WHAT YOU SHOULD DO> Repeat the data exactly as it appears.

Extracted data entries>
____________________
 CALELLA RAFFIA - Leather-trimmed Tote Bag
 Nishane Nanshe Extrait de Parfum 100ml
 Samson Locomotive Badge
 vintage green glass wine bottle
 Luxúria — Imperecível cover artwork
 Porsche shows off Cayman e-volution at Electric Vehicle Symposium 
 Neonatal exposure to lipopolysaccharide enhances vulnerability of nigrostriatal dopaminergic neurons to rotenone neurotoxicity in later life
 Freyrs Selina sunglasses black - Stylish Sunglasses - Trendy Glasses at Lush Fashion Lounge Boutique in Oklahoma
____________________
YOUR RESPONSE>
 CALELLA RAFFIA - Leather-trimmed Tote Bag
 Nishane Nanshe Extrait de Parfum 100ml
 Samson Locomotive Badge
 vintage green glass wine bottle
 Luxúria — Imperecível cover artwork
 Porsche shows off Cayman e-volution at Electric Vehicle Symposium 
 Neonatal exposure to lipopolysaccharide enhances vulnerability of nigrostriatal dopaminergic neurons to rotenone neurotoxicity in later life
 Freyrs Selina sunglasses black - Stylish Sunglasses - Trendy Glasses at Lush Fashion Lounge Boutique in Oklahoma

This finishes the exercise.